El otro lado de esta fiesta tiene que ver con el consumo, orientado por una ficción posmoderna. Algunos celebran Navidad sin creer, no solo en el Cristo que debe nacer, sino tampoco en la solidaridad con el prójimo que tienen al lado. La apariencia sustituye a la esencia y las luces de las guirnaldas solo esclarecen el ansia de placer derivada de la aparente prosperidad. Las innegables penurias económicas que hemos vivido en los últimos años han hecho que algunos, al escapar de ellas, prefieran construirse un país particular, que no se parece ni a La Habana de otro tiempo, ni a Madrid, ni siquiera a Nueva York, sino a un set cinematográfico con nieve artificial y todo. En este caso, la parafernalia de esas Christmas estaría asociada con la noción de solvencia, jerarquía, poder y no funcionaría como un aglutinador de las relaciones humanas, sino como un ritual de grupo que toma como referencia a otros grupos de élite foráneos.

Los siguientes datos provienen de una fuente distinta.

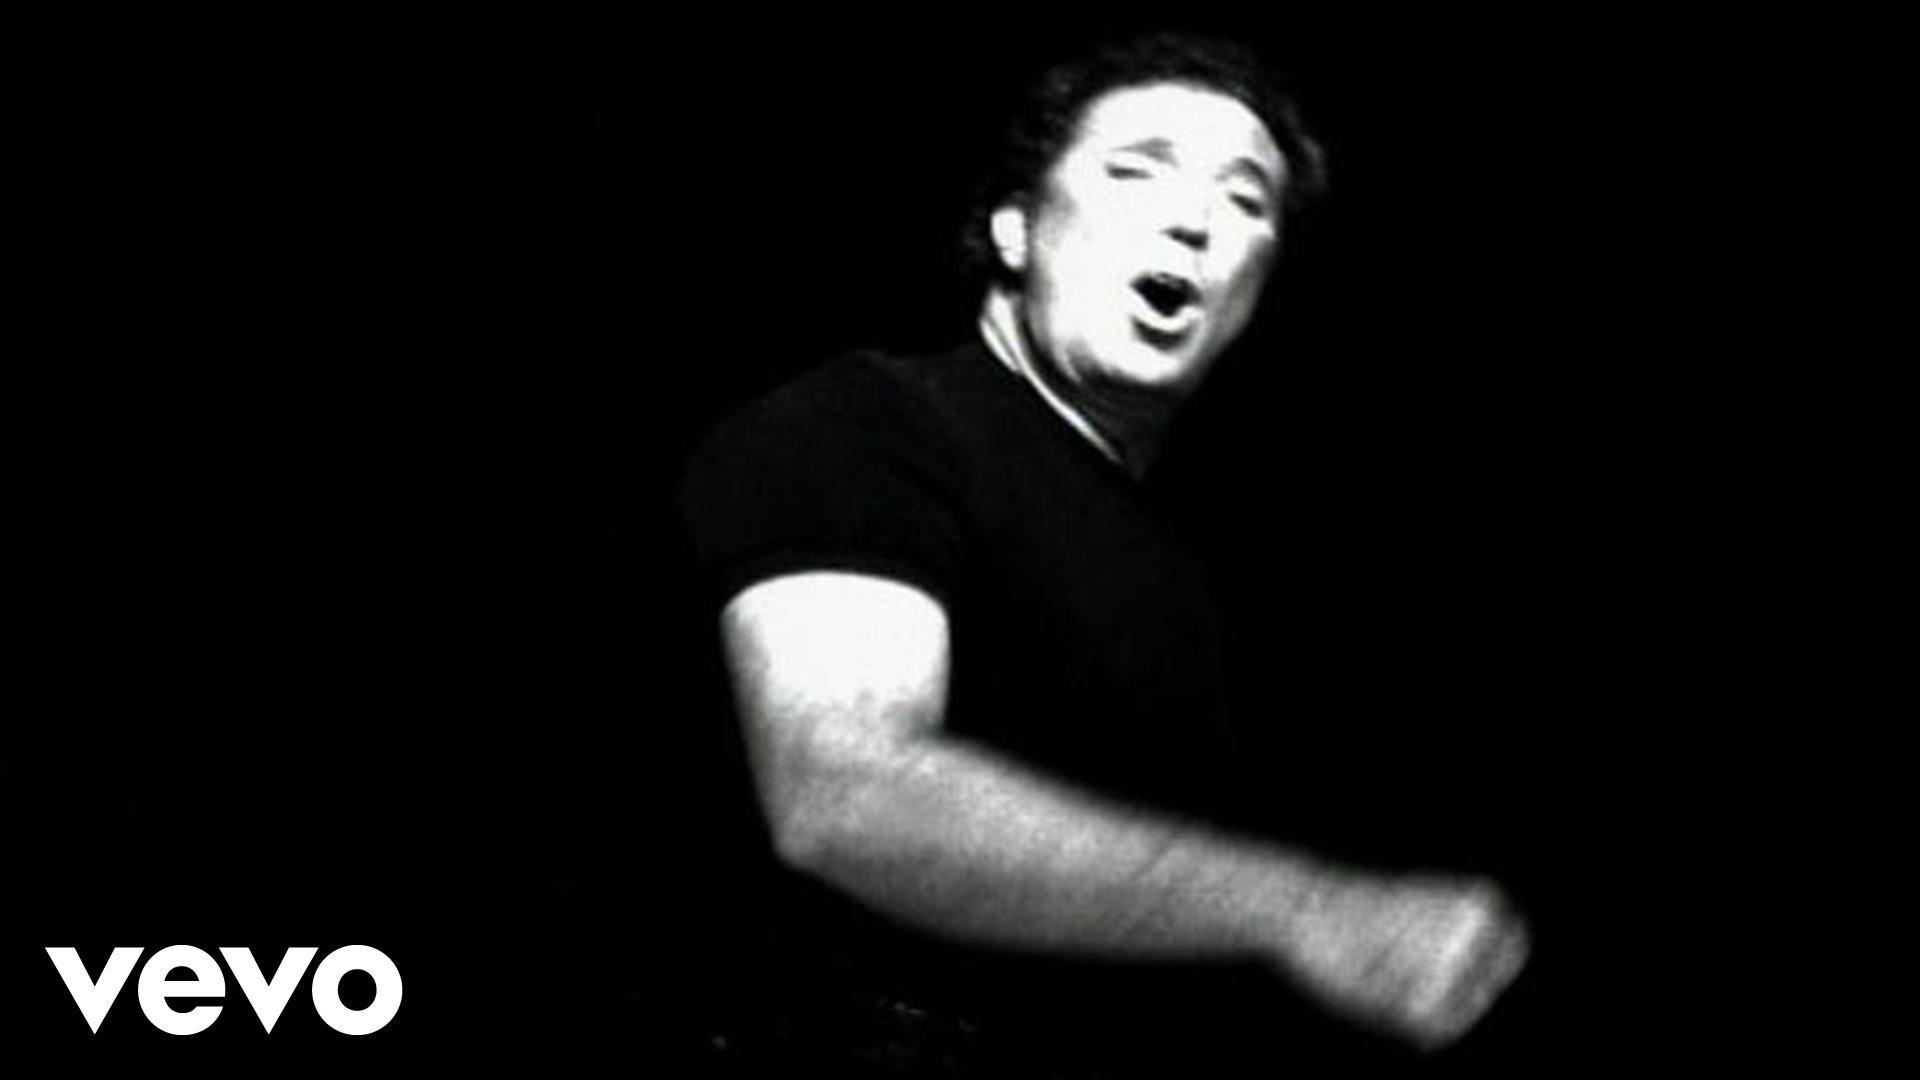 Tom Jones - If I Only Knew - YouTube

Así como es difícil pronosticar de forma certera la evolución de la sociedad cubana para el próximo lustro, tampoco es posible caracterizar cómo volverá a aclimatarse la Navidad entre nosotros y de qué modo logrará ser un componente auténticamente encajado en nuestra vida espiritual y en las manifestaciones culturales populares. Por mi parte, yo preferiría recibir una de aquellas postales de cartulina iluminadas a mano y no esos mensajes de correo electrónico enormes, con imágenes que pestañean y cuesta muchísimo bajar, donde siempre hay un ángel, a pesar de que casi siempre quien los remite no cree en ellos (2012).

2 comentarios

  1. Ivón Guerra

    Soy de una generacion nacida en la revolución, en mi casa cuando era pequeña se celebraban las navidades creo que por arraigo familiar,siempre se ponia un arbolito de pino que estaba sembrado en el jardin de la casa (en san miguel del padron), se esperaban a los reyes magos, tengo fotos de esos tiempos y eran hermosos, nada que ver con un sentido material o foráneo, veinticinco años despues de esos felices recuerdos volvi a celebrar la navidad sin pavo, con un pescado asado al horno en familia, y nunca mas he tenido un arbol natural, pero creo que cualquiera que sea el motivo para los cubanos de celebrar la navidad es una ilusión para vivir buenos momentos.

  2. Javier Figueroa

    Según narra Renee Méndez Capote en su Historia de una cubanita que nació con el siglo, a los hijos de mambises les traía regalos Santa Claus ya que los Reyes Magos se asociaban a España y a los españoles que residían en Cuba.